ABOUT THIS TASK:
Word for word, restate the line containing "Painted Face Poster" and all the lines that come after it in the entries below. Include nothing from before it.
======== DATA EXCERPTS ========
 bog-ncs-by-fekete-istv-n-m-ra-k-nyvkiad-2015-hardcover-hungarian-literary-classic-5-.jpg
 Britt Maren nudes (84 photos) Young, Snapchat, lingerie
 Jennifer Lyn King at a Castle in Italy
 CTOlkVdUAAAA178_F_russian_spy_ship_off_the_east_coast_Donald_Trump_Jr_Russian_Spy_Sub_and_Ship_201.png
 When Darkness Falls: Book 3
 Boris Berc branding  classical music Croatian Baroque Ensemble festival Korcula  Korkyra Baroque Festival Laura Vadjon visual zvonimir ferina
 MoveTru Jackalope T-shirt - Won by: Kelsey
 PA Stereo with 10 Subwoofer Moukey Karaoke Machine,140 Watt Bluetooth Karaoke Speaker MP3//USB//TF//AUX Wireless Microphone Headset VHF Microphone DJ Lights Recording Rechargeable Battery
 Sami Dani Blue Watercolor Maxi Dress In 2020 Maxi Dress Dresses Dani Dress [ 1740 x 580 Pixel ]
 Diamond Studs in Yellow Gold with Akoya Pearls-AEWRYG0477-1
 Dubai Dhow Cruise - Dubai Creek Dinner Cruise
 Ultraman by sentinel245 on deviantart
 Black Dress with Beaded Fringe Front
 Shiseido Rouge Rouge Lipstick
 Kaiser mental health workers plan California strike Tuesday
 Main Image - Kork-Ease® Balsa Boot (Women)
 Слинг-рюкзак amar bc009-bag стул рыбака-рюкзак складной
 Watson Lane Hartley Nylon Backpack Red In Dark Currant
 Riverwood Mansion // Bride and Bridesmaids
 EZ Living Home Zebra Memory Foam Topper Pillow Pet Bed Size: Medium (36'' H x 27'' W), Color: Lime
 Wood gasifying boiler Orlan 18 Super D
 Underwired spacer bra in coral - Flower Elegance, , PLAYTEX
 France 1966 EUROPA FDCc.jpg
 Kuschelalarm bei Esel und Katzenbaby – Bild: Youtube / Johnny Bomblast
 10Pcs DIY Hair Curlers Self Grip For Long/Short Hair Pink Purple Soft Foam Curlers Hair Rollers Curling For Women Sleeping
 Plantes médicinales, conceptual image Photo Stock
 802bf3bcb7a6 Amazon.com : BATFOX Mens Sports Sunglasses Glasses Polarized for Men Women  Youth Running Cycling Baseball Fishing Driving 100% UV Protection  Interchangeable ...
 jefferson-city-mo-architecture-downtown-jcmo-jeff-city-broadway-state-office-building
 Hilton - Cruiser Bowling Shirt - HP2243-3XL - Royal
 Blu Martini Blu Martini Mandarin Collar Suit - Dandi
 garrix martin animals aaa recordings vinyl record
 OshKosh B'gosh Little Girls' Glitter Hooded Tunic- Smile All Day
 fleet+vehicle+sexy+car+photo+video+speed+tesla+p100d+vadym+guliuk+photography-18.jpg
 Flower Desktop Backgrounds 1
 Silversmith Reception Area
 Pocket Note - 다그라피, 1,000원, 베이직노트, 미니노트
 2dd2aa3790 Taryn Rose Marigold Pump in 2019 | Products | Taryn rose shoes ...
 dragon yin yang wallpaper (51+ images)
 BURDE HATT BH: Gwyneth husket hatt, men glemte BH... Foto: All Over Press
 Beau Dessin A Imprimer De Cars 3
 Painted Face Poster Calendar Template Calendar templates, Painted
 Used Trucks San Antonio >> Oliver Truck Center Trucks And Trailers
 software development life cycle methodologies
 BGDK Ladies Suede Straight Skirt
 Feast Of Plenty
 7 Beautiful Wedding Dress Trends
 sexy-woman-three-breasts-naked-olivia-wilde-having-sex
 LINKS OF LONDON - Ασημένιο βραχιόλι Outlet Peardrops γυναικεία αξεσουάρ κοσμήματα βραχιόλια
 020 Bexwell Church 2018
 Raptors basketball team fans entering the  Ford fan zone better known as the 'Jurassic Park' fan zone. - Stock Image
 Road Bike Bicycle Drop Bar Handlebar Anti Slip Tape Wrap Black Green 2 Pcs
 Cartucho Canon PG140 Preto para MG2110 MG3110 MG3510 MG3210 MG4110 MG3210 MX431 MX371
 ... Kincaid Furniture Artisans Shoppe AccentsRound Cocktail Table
========
RESULT OF THE EXERCISE:
 Painted Face Poster Calendar Template Calendar templates, Painted
 Used Trucks San Antonio >> Oliver Truck Center Trucks And Trailers
 software development life cycle methodologies
 BGDK Ladies Suede Straight Skirt
 Feast Of Plenty
 7 Beautiful Wedding Dress Trends
 sexy-woman-three-breasts-naked-olivia-wilde-having-sex
 LINKS OF LONDON - Ασημένιο βραχιόλι Outlet Peardrops γυναικεία αξεσουάρ κοσμήματα βραχιόλια
 020 Bexwell Church 2018
 Raptors basketball team fans entering the  Ford fan zone better known as the 'Jurassic Park' fan zone. - Stock Image
 Road Bike Bicycle Drop Bar Handlebar Anti Slip Tape Wrap Black Green 2 Pcs
 Cartucho Canon PG140 Preto para MG2110 MG3110 MG3510 MG3210 MG4110 MG3210 MX431 MX371
 ... Kincaid Furniture Artisans Shoppe AccentsRound Cocktail Table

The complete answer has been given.